Oscar has been with us a couple of days now and is doing fairly well. He always pees outside when we take him but needs to stay in his ex-pen or he will pee on the floor in the house). Last night we put him in his crate to go to sleep (he protested for 6 minutes and finally settled down. My husband got up in teh middle of hte night to go to the bathroom which woke Oscar up... so we took him directly out to potty and then in to the crate again... where he protested again for about 10 minutes and settled down again. He woke up again at 4:30, so I took him out to potty again and he protested, and after 15 minutes of not settling down, I put him in the ex-pen next to the bed. Where he promptly went right to sleep and slept until 7 am when we got up for work. So my question is this: Is this OK? In other words start him in the crate, and if he gets up then put him in the ex-pen?

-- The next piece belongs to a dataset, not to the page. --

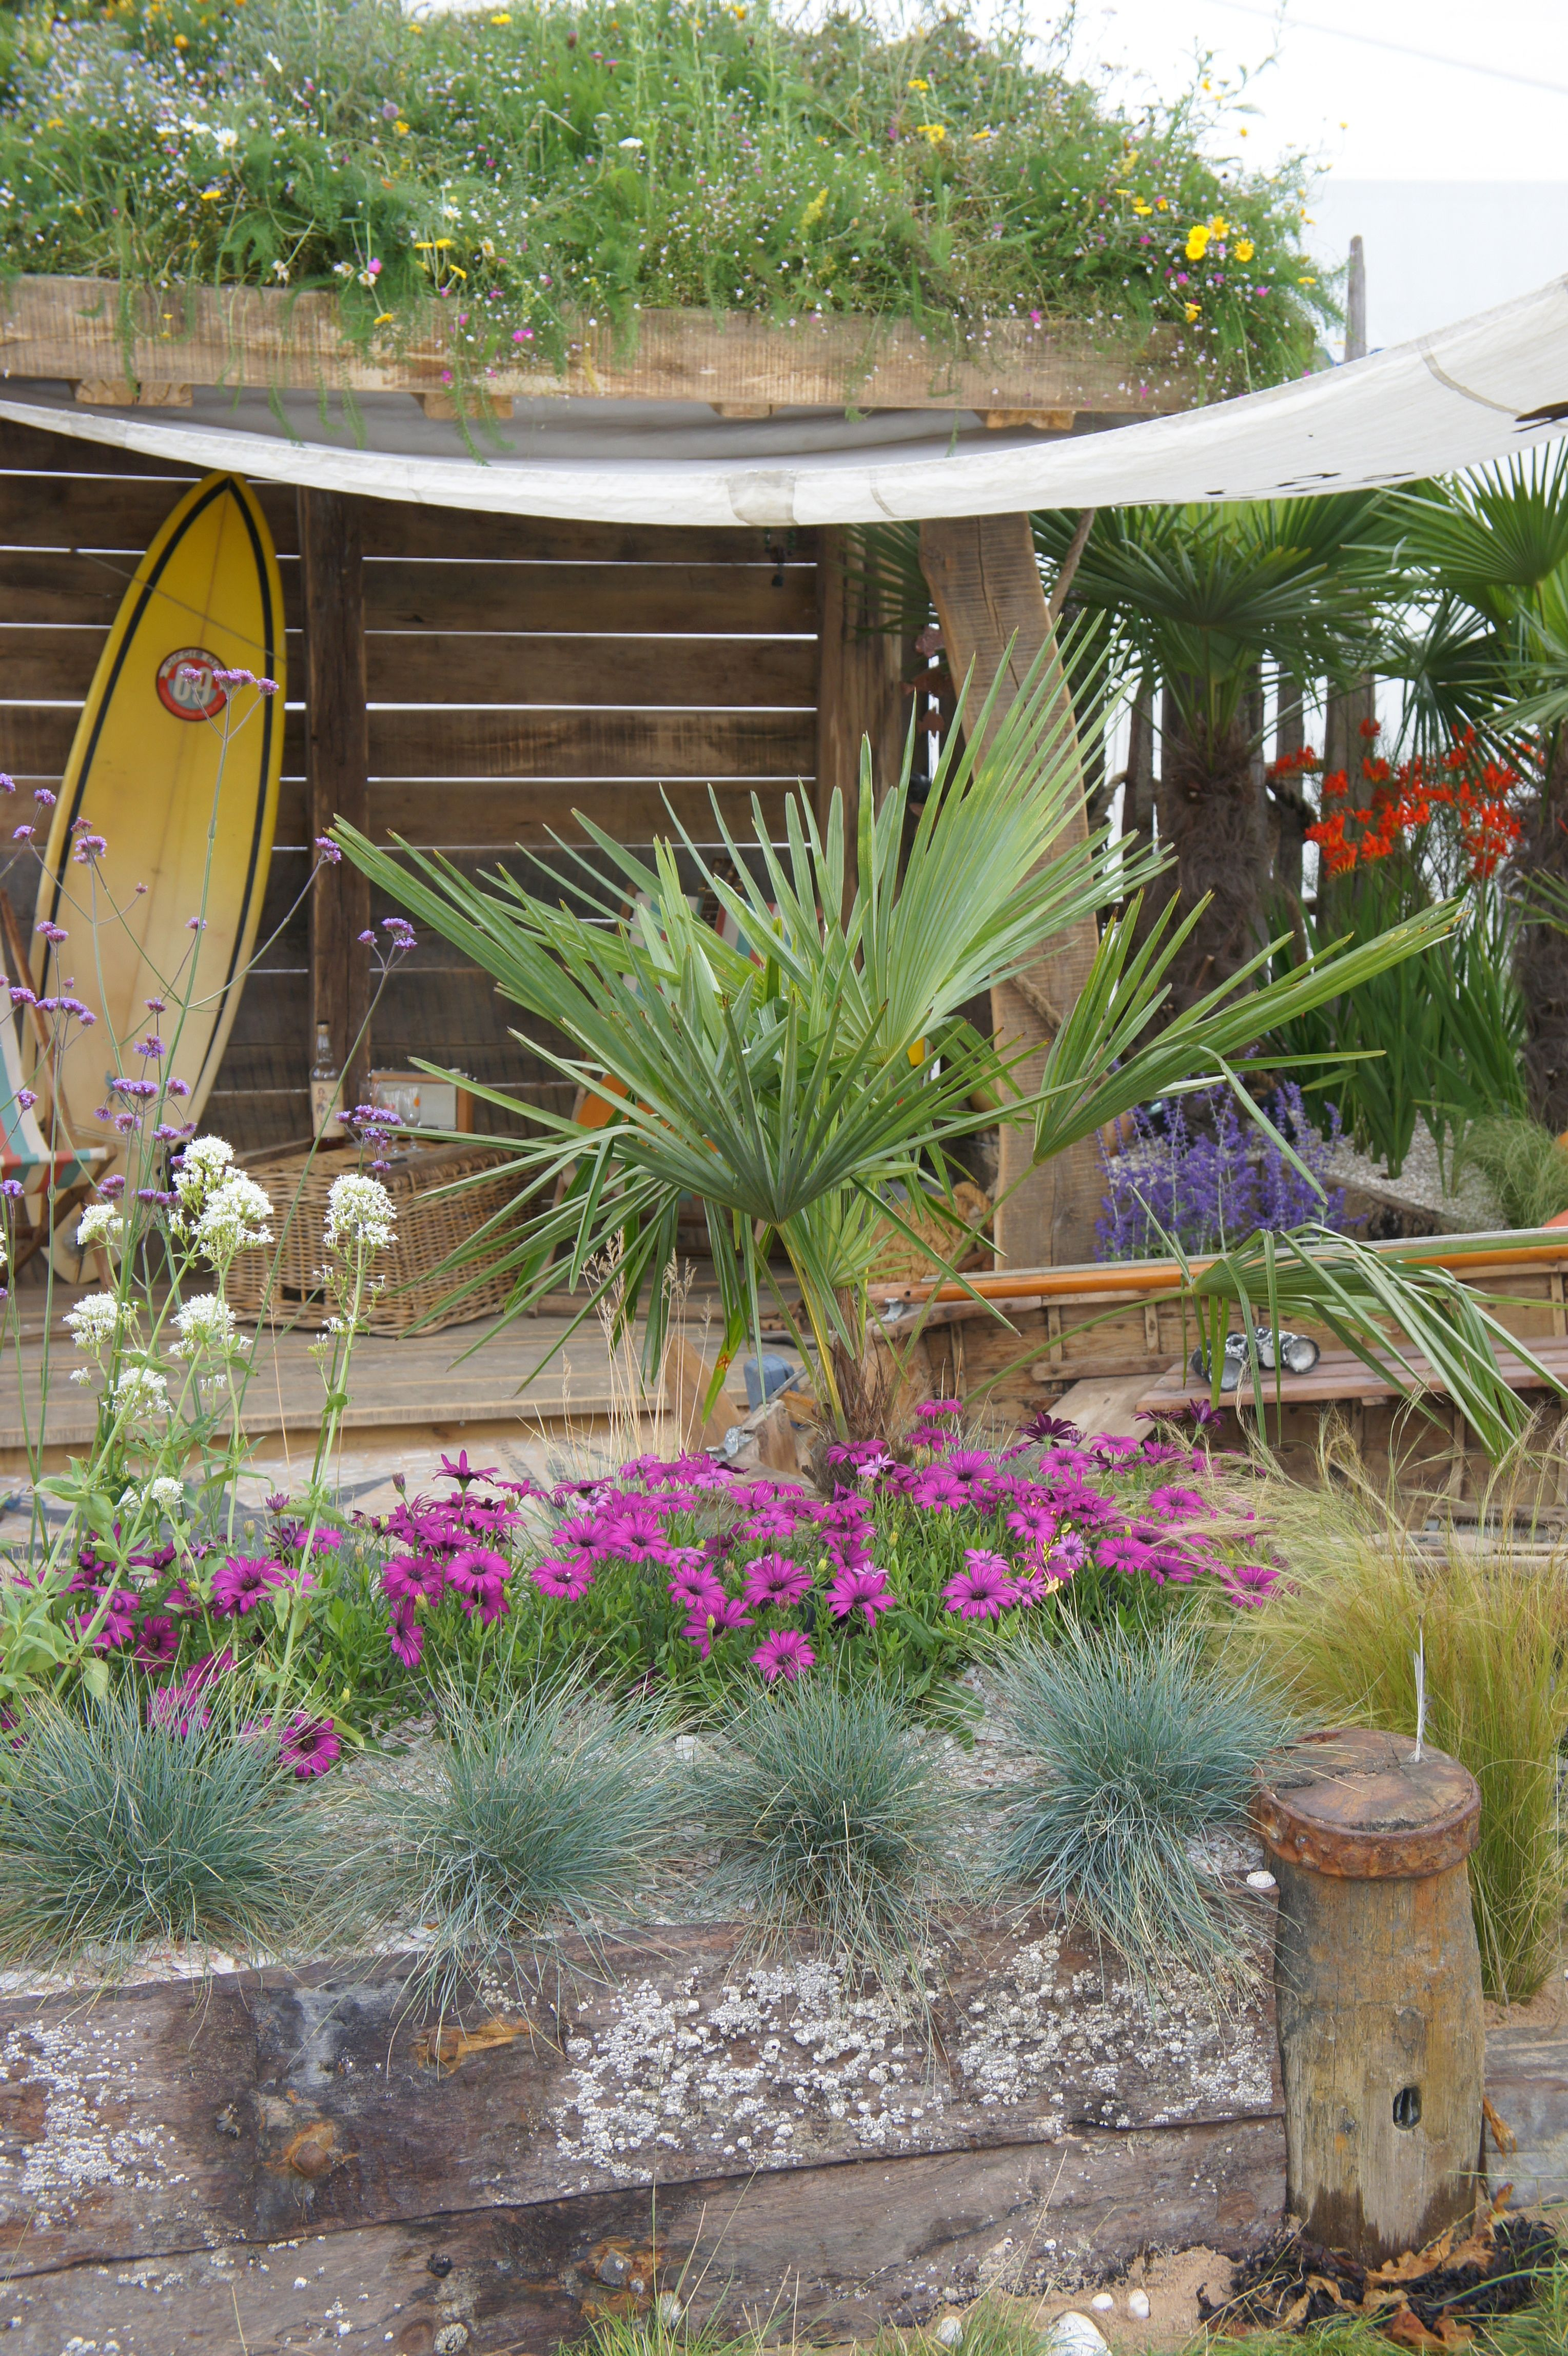 Seaside garden for Severndale Specialist School   Beaches ...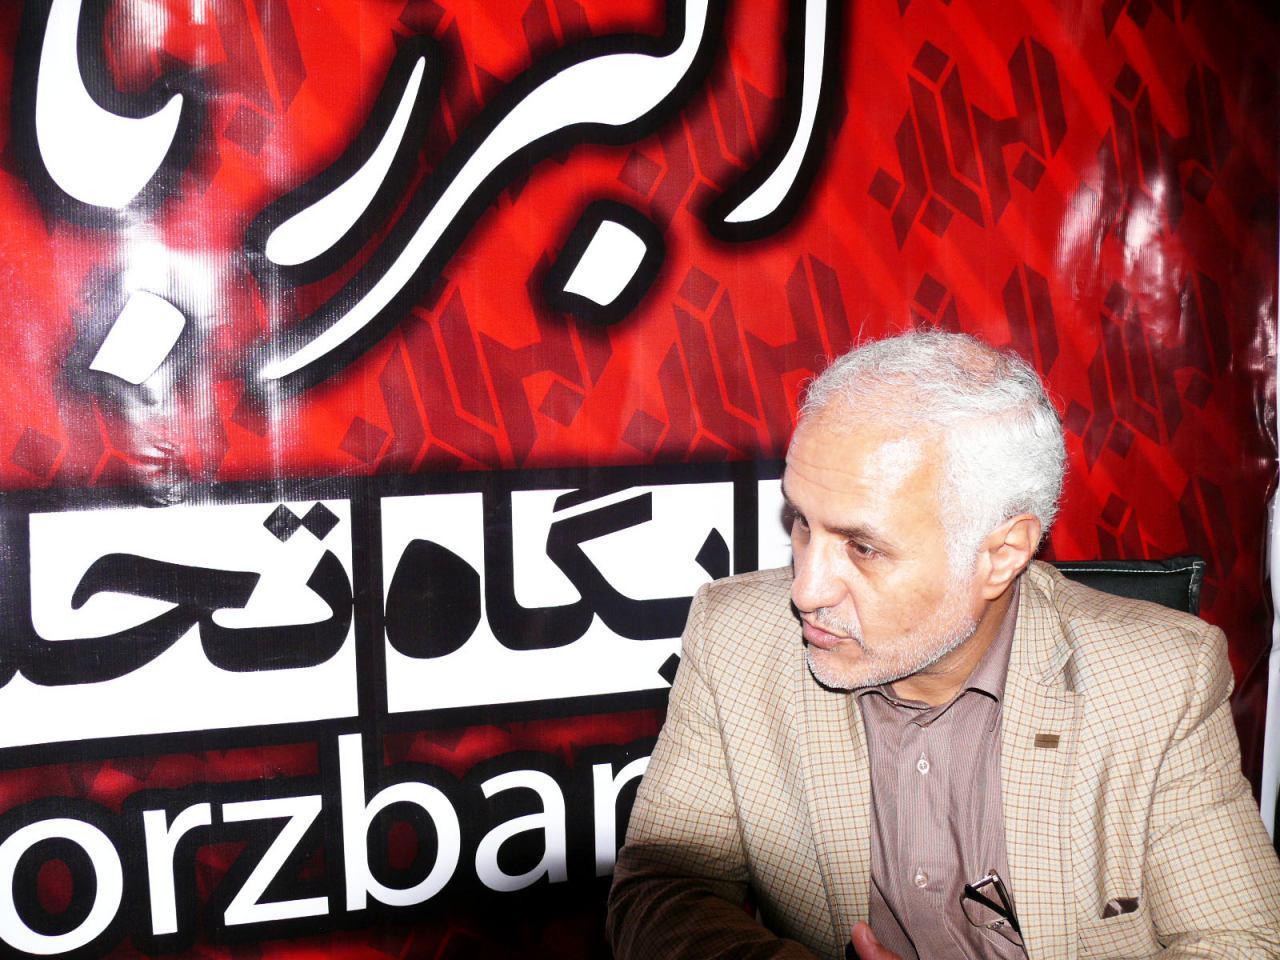 photo alborzban حضور استاد حسن عباسی در غرفه البرزبان در سومین نمایشگاه رسانههای دیجیتال انقلاب اسلامی

He is not reliable enough to be in bed with us (plus our bed is really high, and while Buzzy can jump on to the bench and then the bed, Oscar is too small for this still). Are we doing something wrong? Any suggestions? He did fine in his crate yesterday when nobody was home for 2 hours. He also went back into his crate this morning on his own for a few minutes while I was getting ready for work (and then peed on the floor sometime after).


----------



## lise (Sep 1, 2006)

Whenever they pee on the floor, at that age, its our fault. You have to learn their signs which are many! When they awake, potty time. After about 1/2 an hour of play, potty time. Before you crate them, potty time. If their little head goes to the floor and starts sniffing,potty time. Ted only got up the first night he came home. I started him in an open crate in an expen with a peepad in the kitchen from day 1. For the first week he was waking at about 5:30 every morning to go pee. As the weeks went on it got later and later. Now at 6 months, I wake him up at 7am to go potty. He has not gone in the house for at least a month or more. Of course because he is older he doesnt need to go out as often anymore. He goes out first thing, then between 11-12 after he has been in his pen since 8:30 (I work from home). He doesnt need to go again ussually until 3 or 4. Then about 6:00 then once before bed. Total of 5 times a day. I do have peepad in the pen but he never uses it. We have been out a couple times now over 6 hours and when we return the pad is dry and he is sleeping in his open crate. As soon as we get back its potty time. I dont have him in our room because my hubby goes to bed 3 hours before me and because we are older we get up in the middle of the night. I can imagine with Ted in our room, we would all be awake each time someone got up to pee.


----------



## mamacjt (Aug 23, 2011)

Lise, I had to laugh at your comment about getting up a few times in the middle of the night. My hubby and I do get up a few times in the middle of the night, but our darling 18 month male Havanese sleeps right through it. He'd much rather be in bed than anywhere else! We think we've turned him into an old man before his time. lol


----------



## lise (Sep 1, 2006)

I think the other part about my hubby having to go 3 hours before me is an issue too. He has to get up around 3:30 -3:45 am for his job, so Ted wouldn't know who to get up with I think. Already my hubby sits in the living room with his laptop before he goes to work so as not to wake Ted! Amazing how all of the sudden everything we do is based on Ted!ound:


----------



## sandypaws (Aug 8, 2012)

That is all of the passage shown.